Certain statements and assumptions in this press release contain or are based upon “forward-looking” information and are being made pursuant to the safe harbor provisions of the Private Securities Litigation Reform Act of 1995. Forward-looking statements in this press release include, among others, statements about the Company’s strategy and future plans. These forward-looking statements are subject to risks and uncertainties. When we use the words “will likely result,” “may,” “anticipate,” “estimate,” “should,” “expect,” “believe,” “intend,” or similar expressions, we intend to identify forward-looking statements. Such statements are subject to numerous assumptions and uncertainties, many of which are outside Braemar’s control.

These forward-looking statements are subject to known and unknown risks and uncertainties, which could cause actual results to differ materially from those anticipated, including, without limitation: the impact of COVID-19, and the rate of adoption and efficacy of vaccines to prevent COVID-19, on our business and investment strategy; the timing and outcome of the Securities and Exchange Commission’s investigation; our ability to repay, refinance or restructure our debt and the debt of certain of our subsidiaries; anticipated or expected purchases or sales of assets; our projected operating results; completion of any pending transactions; our understanding of our competition; market trends; projected capital expenditures; the impact of technology on our operations and business; general volatility of the capital markets and the market price of our common stock and preferred stock; availability, terms and deployment of capital; availability of qualified personnel; changes in our industry and the markets in which we operate, interest rates or the general economy; and the degree and nature of our competition. These and other risk factors are more fully discussed in Braemar’s filings with the Securities and Exchange Commission.

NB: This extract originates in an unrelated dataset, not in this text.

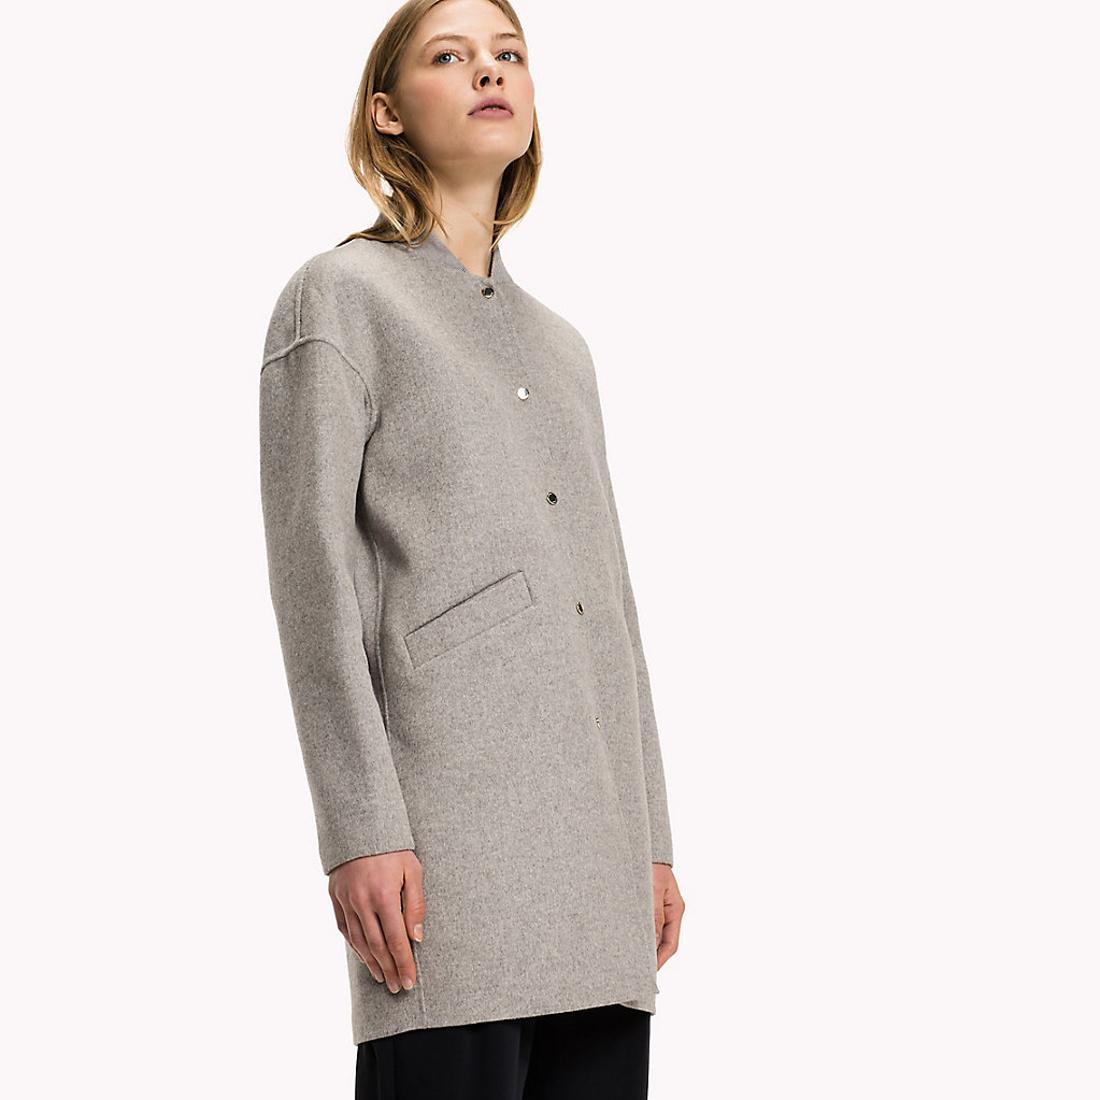 Tommy Hilfiger dámský šedý kabát Carmen - Mode.cz 200f3805480

The forward-looking statements included in this press release are only made as of the date of this press release. Such forward-looking statements are based on our beliefs, assumptions, and expectations of our future performance taking into account all information currently known to us. These beliefs, assumptions, and expectations can change as a result of many potential events or factors, not all of which are known to us. If a change occurs, our business, financial condition, liquidity, results of operations, plans, and other objectives may vary materially from those expressed in our forward-looking statements. You should carefully consider this risk when you make an investment decision concerning our securities. Investors should not place undue reliance on these forward-looking statements. The Company can give no assurance that these forward-looking statements will be attained or that any deviation will not occur. We are not obligated to publicly update or revise any forward-looking statements, whether as a result of new information, future events or circumstances, changes in expectations, or otherwise, except to the extent required by law.